The Skylark of Space - solarengineer
http://www.gutenberg.org/files/20869/20869-h/20869-h.htm
======
solarengineer
Summary: The Skylark of Space is considered to be one of the earliest novels
of interstellar travel and the first example of space opera. Originally
serialized in 1928 in the magazine Amazing Stories, it was first published in
book form in 1946 by the Buffalo Book Co. The novel was followed by three
sequels, beginning with Skylark Three.

[https://en.wikipedia.org/wiki/The_Skylark_of_Space?wprov=sft...](https://en.wikipedia.org/wiki/The_Skylark_of_Space?wprov=sfti1)

------
eesmith
When reading this, compare also Smith's writing style - fast-paced and rarely
even pausing to slow down - with older, more plodding SF styles. Verne could
go for pages listing fish species or minutia of scientific apparatus. Wells
was more ponderous, with Significant Questions about Man.

A couple of comments:

""What's happened, Doctah?" asked the dusky assistant. ... Here he lived alone
save for an old colored couple who were his servants. ... the colored man who
had been secured to take his place"

The lovely systemic racism of the era.

"If it were done instantaneously it would probably blow the entire world into
a vapor, and might force it clear out of its orbit"

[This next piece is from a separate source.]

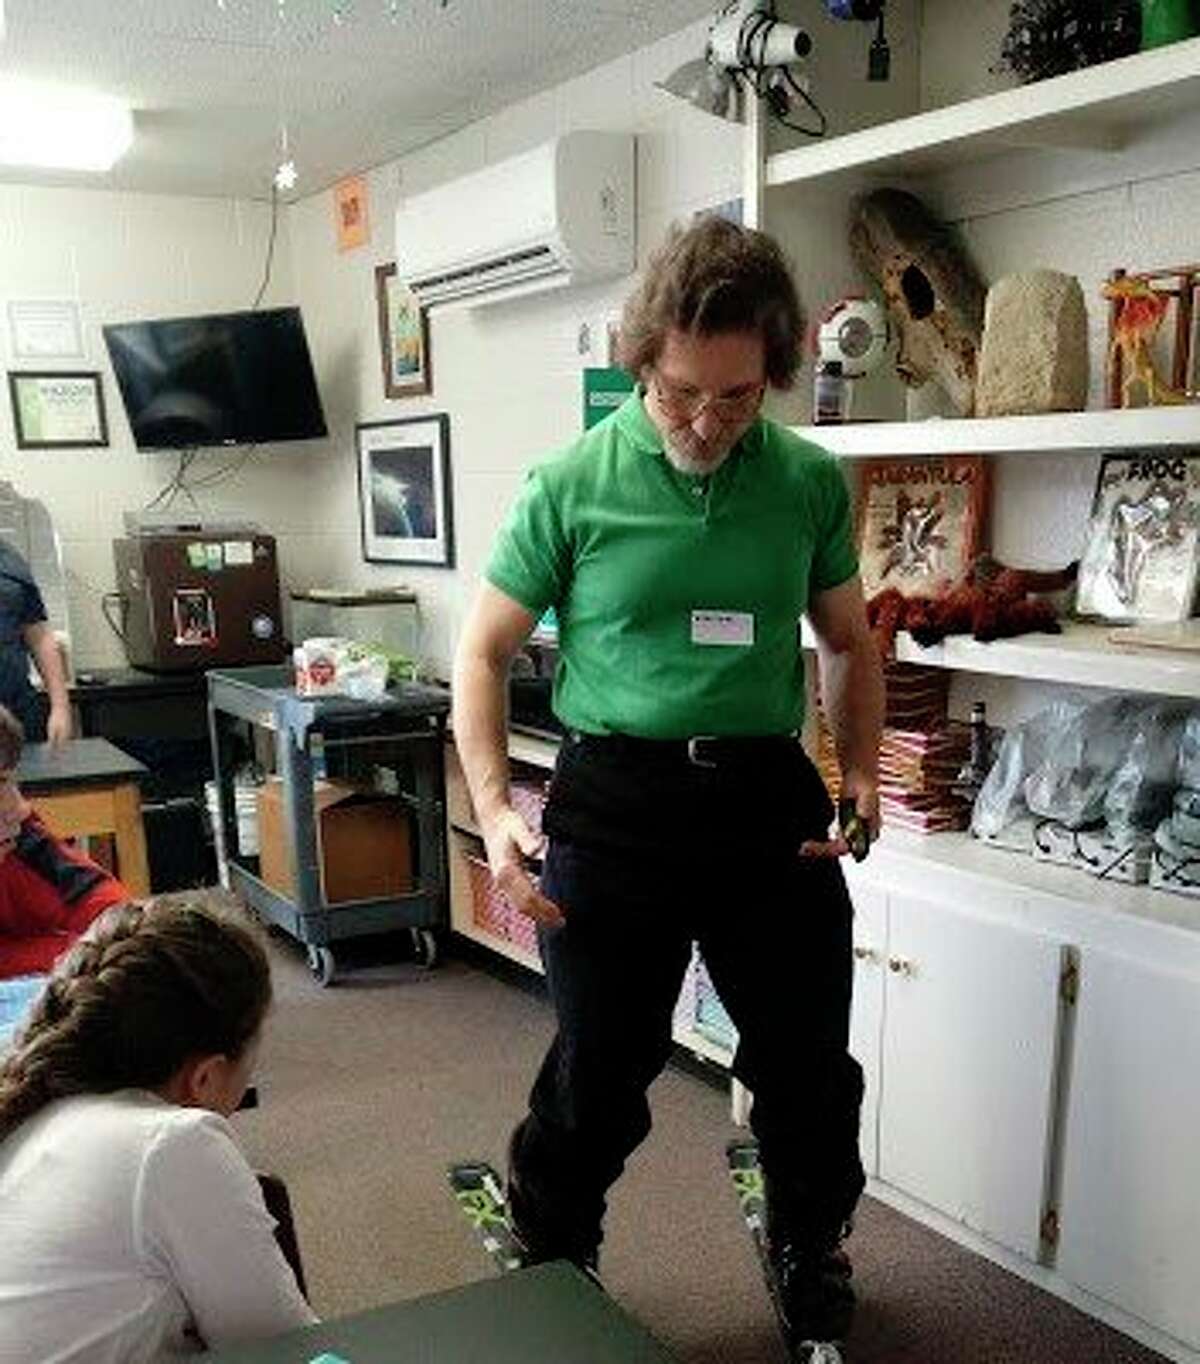 Dr. Edmund Stark, a researcher from MSU St. Andrews, gives St. John's Lutheran School students a demonstration of the physics of skiing. (Photo provided)

That didn't seem right at all, so I worked it out: 100 lbs of copper, assuming
pure antimatter, is equivalent to a gigaton of TNT, or about 20 Tsar Bomba
explosions.

"I gather that an ounce or so will be plenty. ... Ten thousand tons of
nitroglycerin"

60 megatons, according to the earlier estimate.

------
galaxyLogic
"one of the great space flying stories"